Langsam kämpfte er sich unter dem fremden, schweren Körper hervor, der auf ihm lag. Das Wesen, das ihn unter sich begraben hatte war tot und es war wohl gut so, schließlich hatte es versucht ihn zu töten. Aber das war eben so in einer Schlacht. Endlich schaffte er es und kroch unter dem Körper hervor.
Es roch nach Rauch, gerinnendem Blut und Schlimmerem. Eine unheimliche Stille herrschte, nur unterbrochen durch vereinzeltes leises Stöhnen. Diese Stille war erschreckend nach dem Lärm der vergangenen Schlacht.
Vorsichtig erhob sich der Mann und stöhnte leise auf, als er sein rechtes Bein belastete und heißer Schmerz durch die Gliedmaße schoss. Ein kritischer Blick zeigte ihm geronnenes Blut, einen langen Riss im Hosenbein und darunter eine lange Schnittwunde, die allerdings nicht allzu tief schien. Vorsichtig belastete erneut das Bein und stelle fest, dass er es durchaus benutzen konnte. Mit einer fahrigen Bewegung strich er sich das mittlerweile schulterlange, braune Haar aus den Augen. Seine grauen Schwingen waren recht zerzaust und wiesen einige kleine Schnittwunden auf, waren aber ansonsten unversehrt. Dennoch konnte der Engel im Moment nicht fliegen. Hinkend bewegte er sich über das riesige Schlachtfeld. Wo waren seine Freunde? Wo war der große Dämon, den er so ins Herz geschlossen hatte und die Leopardenfrau, wo die gefallenen Engel und die Drachin? Und vor allem, wo war ER, der Lichtträger, sein bester Freund?
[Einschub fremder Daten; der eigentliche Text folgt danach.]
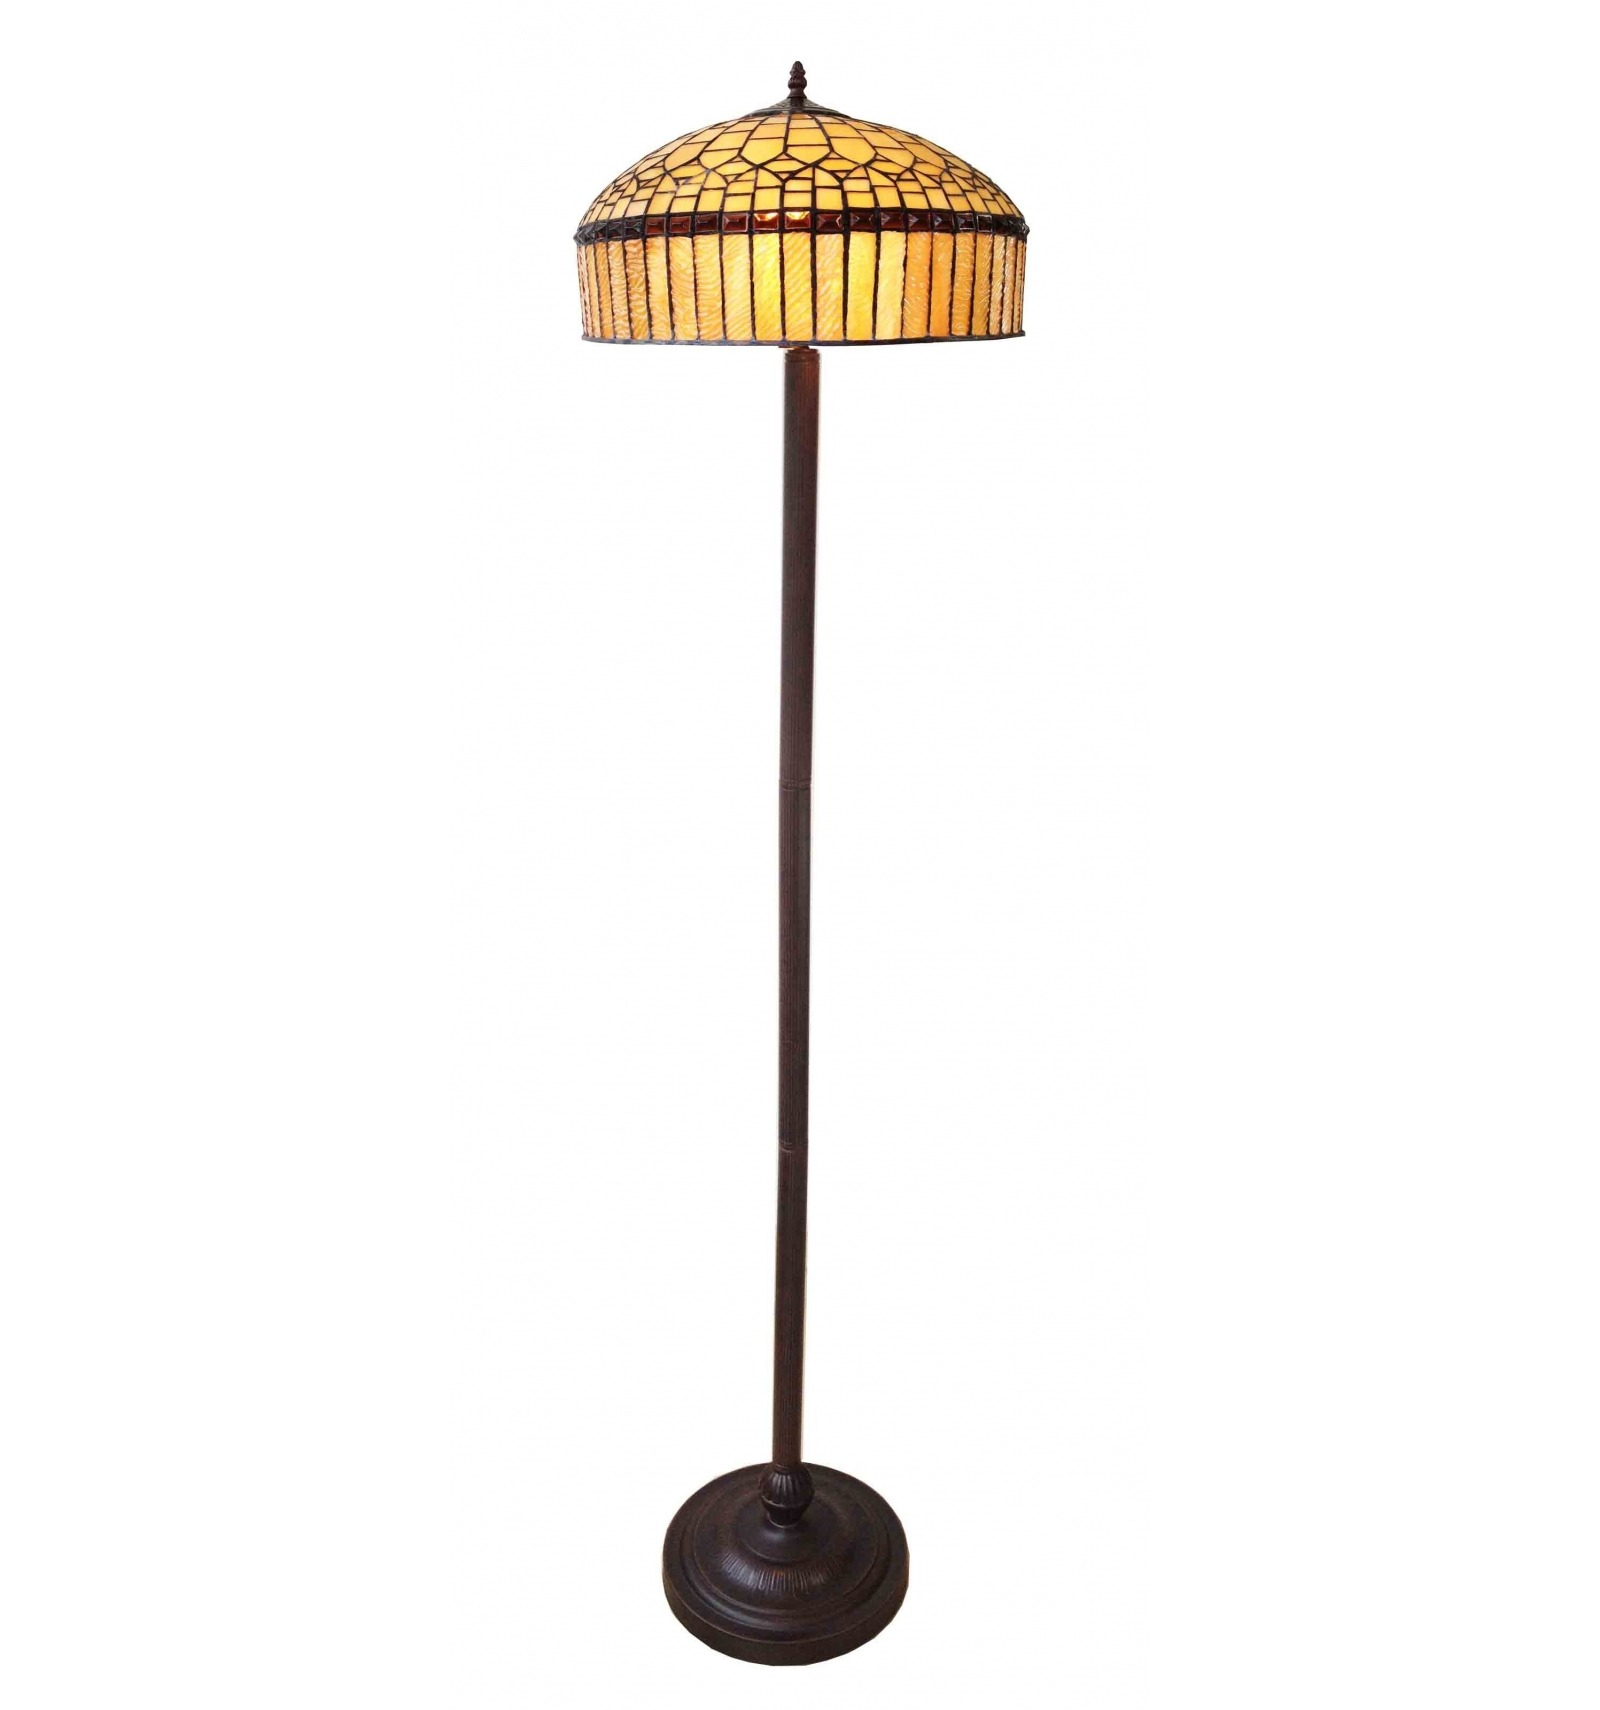 Lampada da terra tiffany serie londra for Tiffany londra indirizzo

Seine Augen weiteten sich, als ihm die gigantischen Ausmaße des Schlachtfeldes bewusst wurden. Und überall lagen Verwundete und Tote. Am Himmel kreisten die Aasvögel schon und die Luft war mit dem Gestank angesengten Fleisches, Blut, Schweiß und Unrates geschwängert.
Sein Blick irrte weiter und verblieb dann auf dem bekannten Gesicht einer Harpyie, die vor ihm lag. Noch bevor er sich hinunterbeugen konnte, erkannte er, dass die die geflügelte Kriegerin tot war. Eine klaffende Wunde zog sich quer über ihre ganze Brust und hatte sogar die Rippen freigelegt. Erst jetzt musste der Engel würgen und nur mit großer Mühe gelang es ihm, sich nicht zu übergeben.
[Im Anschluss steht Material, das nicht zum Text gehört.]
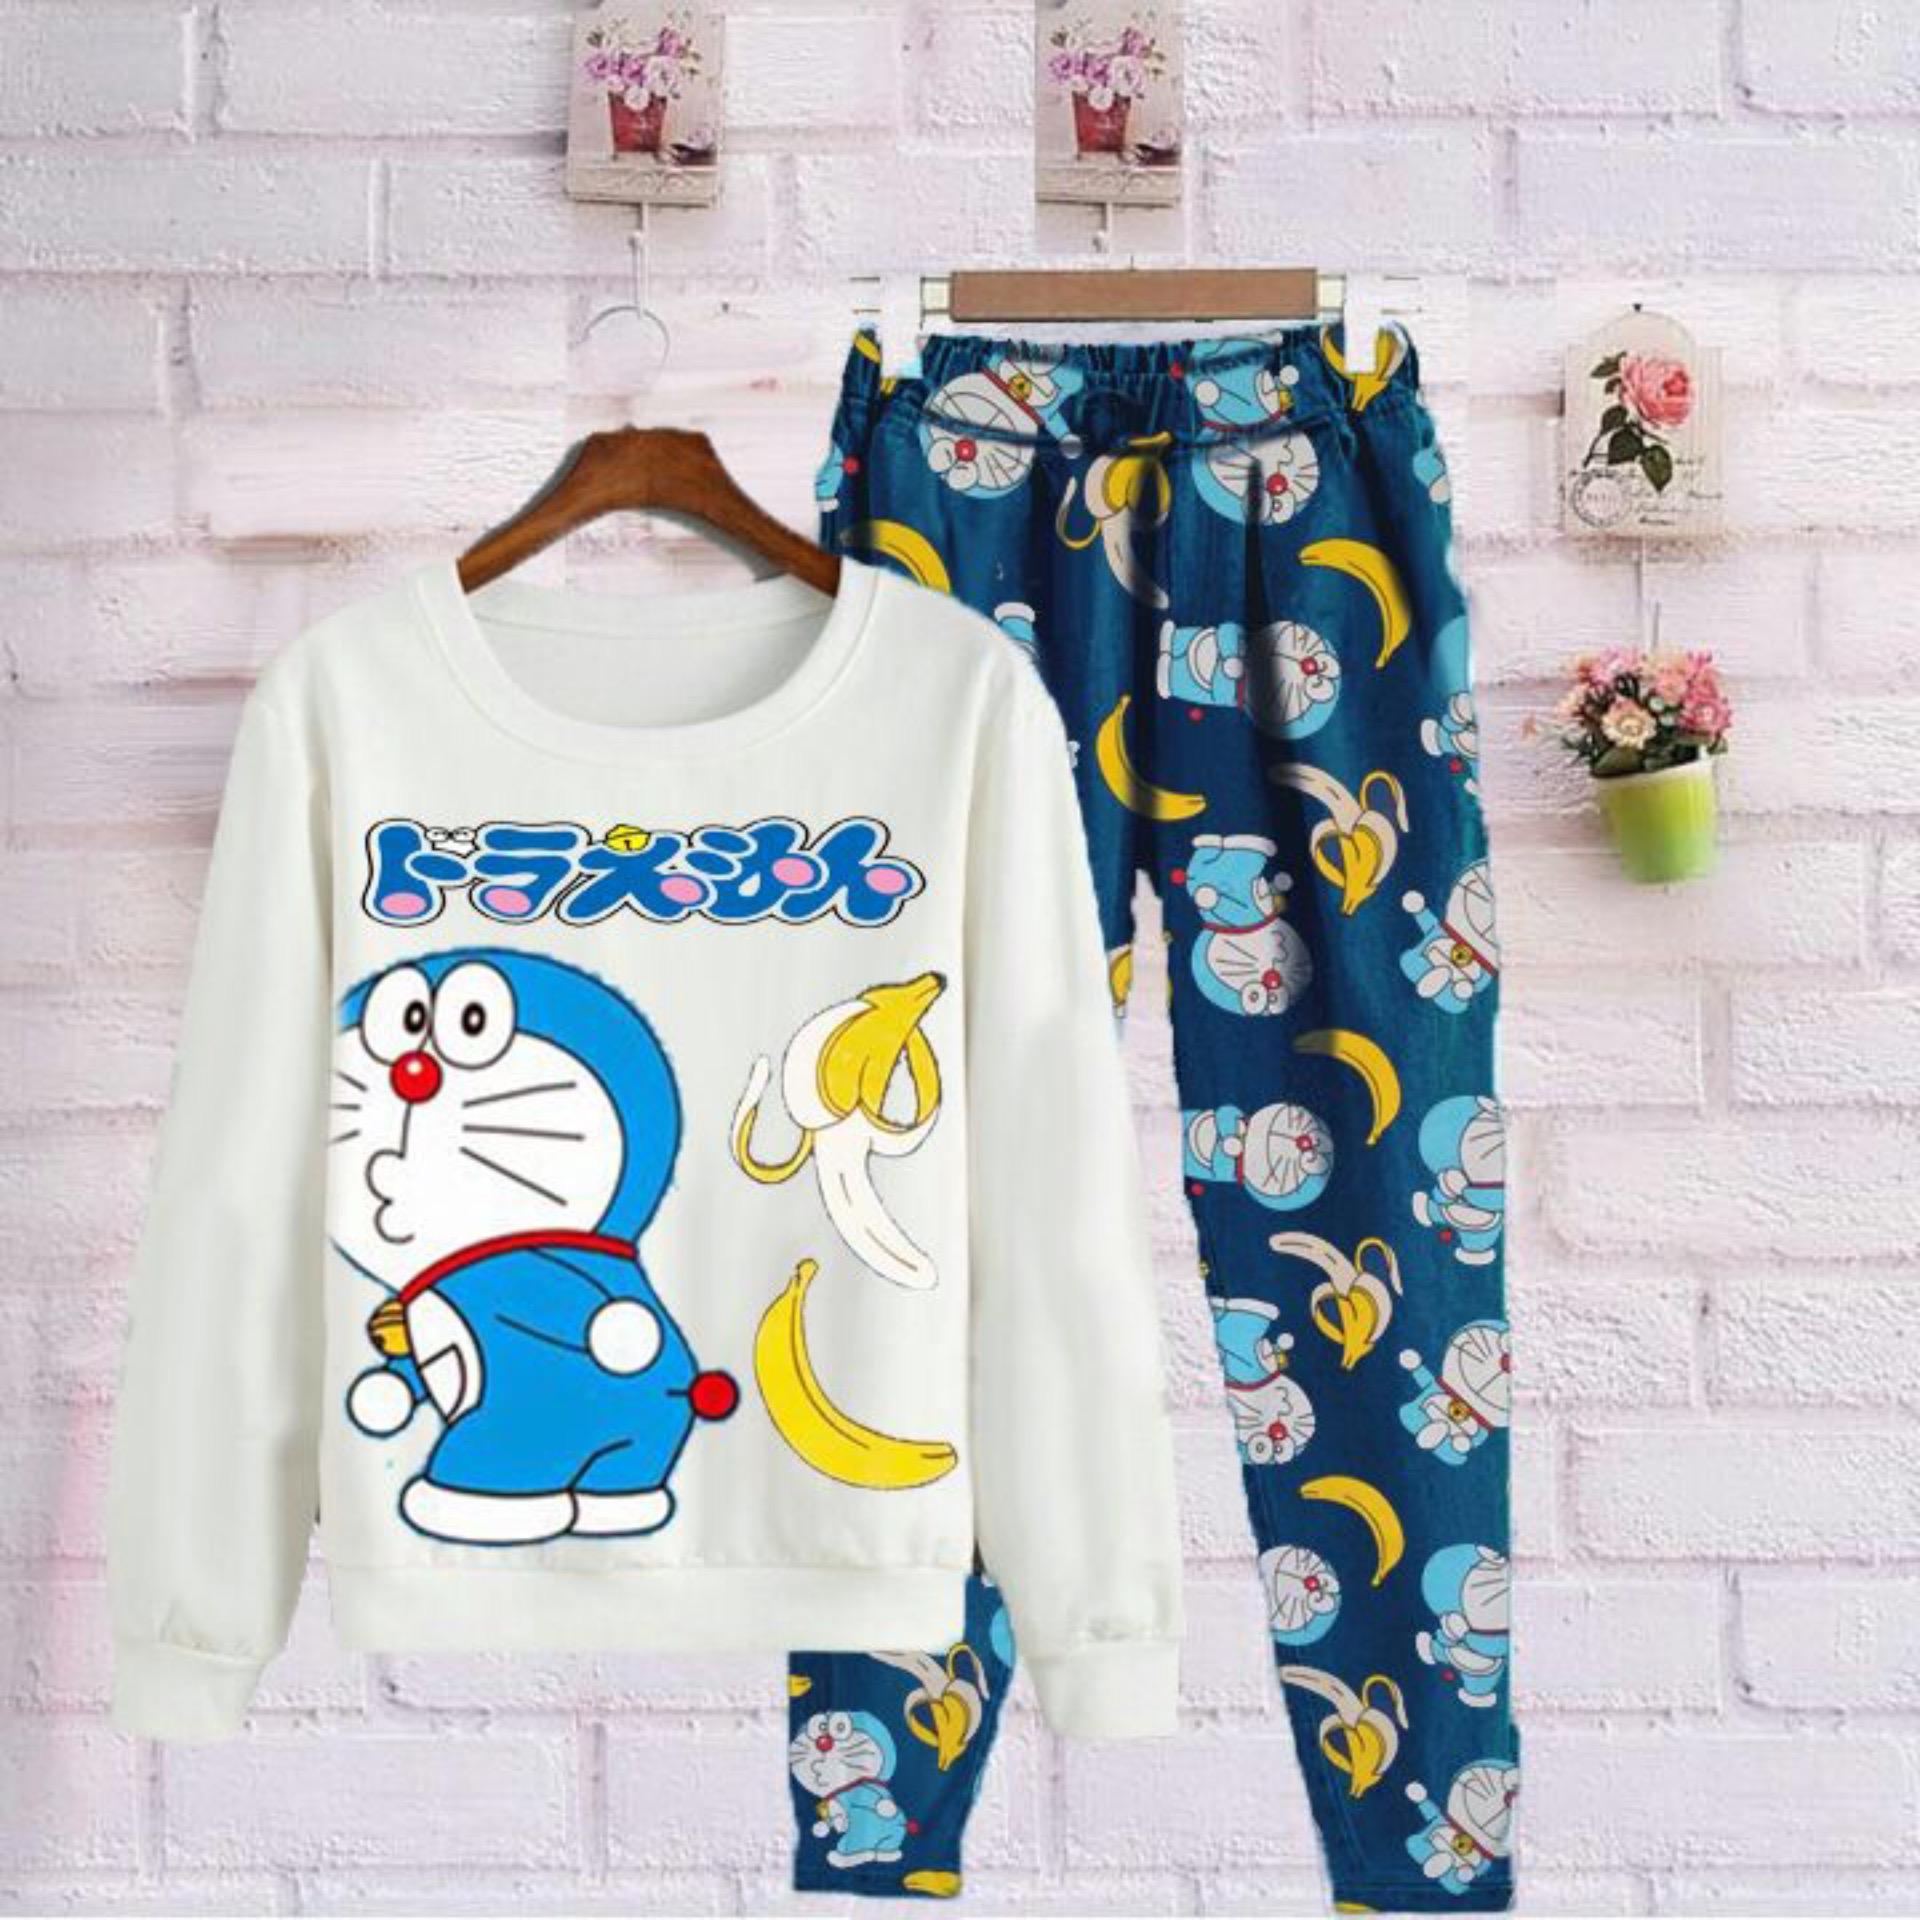 Shoppaholic Shop Baju Kodok Setelan Dora Banana / Baju Setelan / Baju Jamsuit / Celana Joger / Celana Katun / Baju Doraemon / Baju Kodok / Celana Panjang Wanita / Kaos Bagus

Verstört irrte er weiter und lies sich schließlich mutlos auf einen Felsen nieder. Der Schmerz in seinem Bein wurde auch schlimmer. Müde und traurig lies er seinen Blick wieder schweifen und sprang dann erfreut auf, als er eine große Gestalt entdeckte, die auf ihn zukam.
Lachend rief er nach dem großen Dämon, in dem er einen seiner Freunde erkannte und dieser hob froh die krallenbewehrte Hand. Augenblicke später waren die beiden Freunde zusammen, doch der ernste Blick des Dämons ließ den Engel schlimmes ahnen.
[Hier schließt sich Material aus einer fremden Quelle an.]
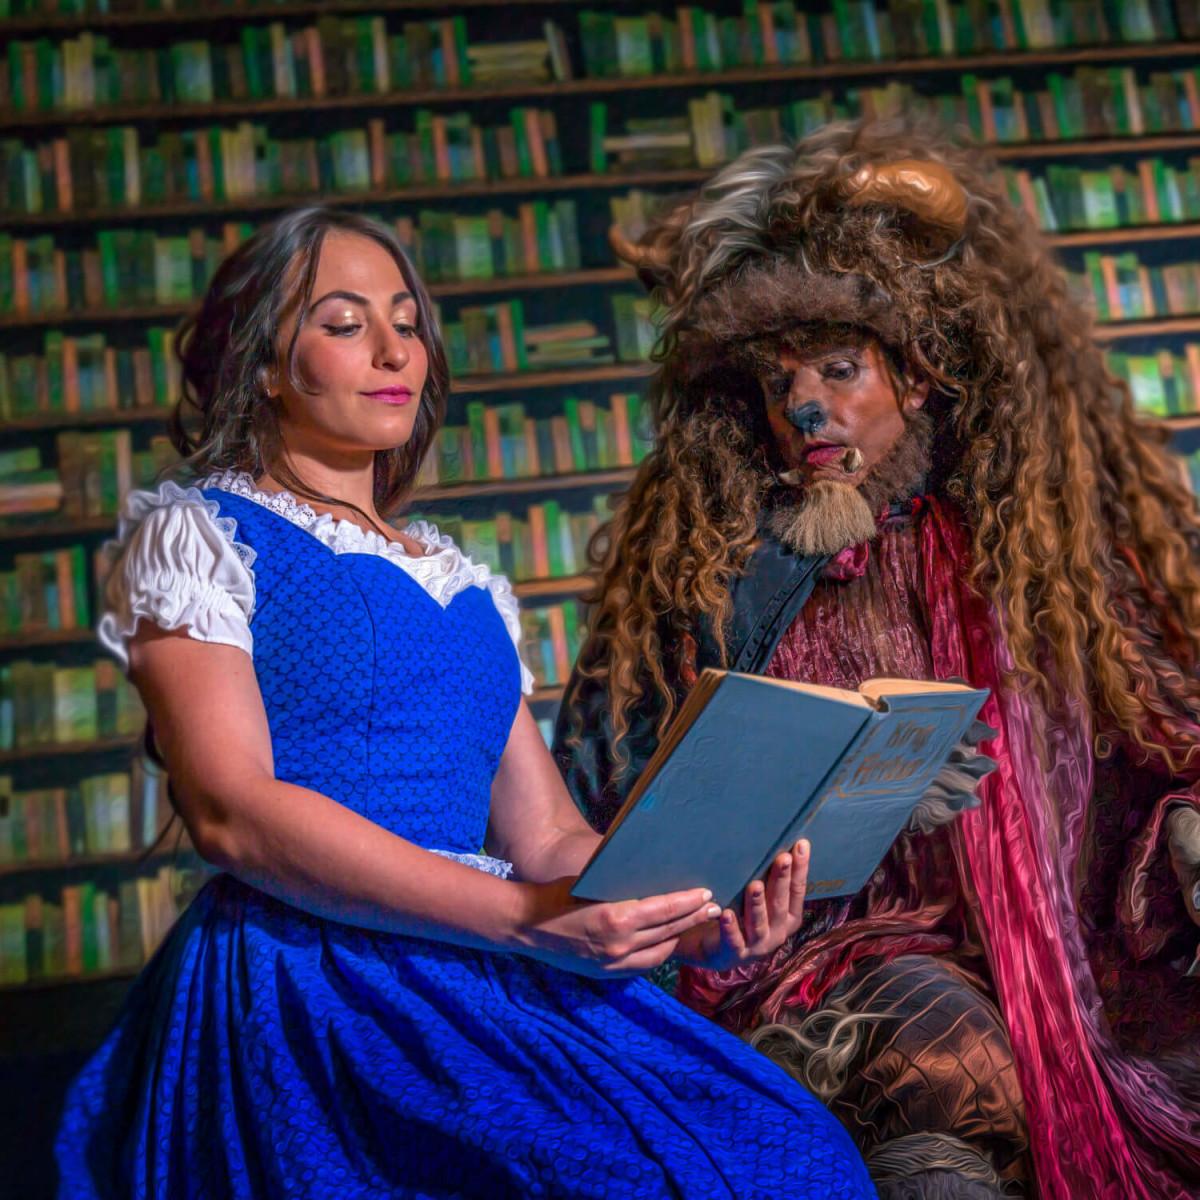 The Playhouse San Antonio presents Disney's Beauty and the Beast

“Es ist so schön, dass du noch am Leben bist,” die Stimme des Engels war rau vor unterdrückten Emotionen, “mein Freund, es freut mich so, dich zu sehen. Weißt du was mit den anderen ist?”
Der Dämon schüttelte den Kopf.
“Ich weiß nichts von den anderen, aber die Drachin ist wohlauf. Ich habe IHN, den Lichtträger gefunden.” Der große Mann seufzte schwer. “die Drachin ist jetzt bei IHM. ER stirbt!”
Der Engel nickte nur ernst.
“Ich kann ihm auch nicht helfen, meine Heilkraft ist völlig erschöpft.” Seien Stimme klang müde. ”Aber bring mich bitte schnell zu ihm.”
Tränen schimmerten in seinen Augen, aber er hielt sie eisern zurück.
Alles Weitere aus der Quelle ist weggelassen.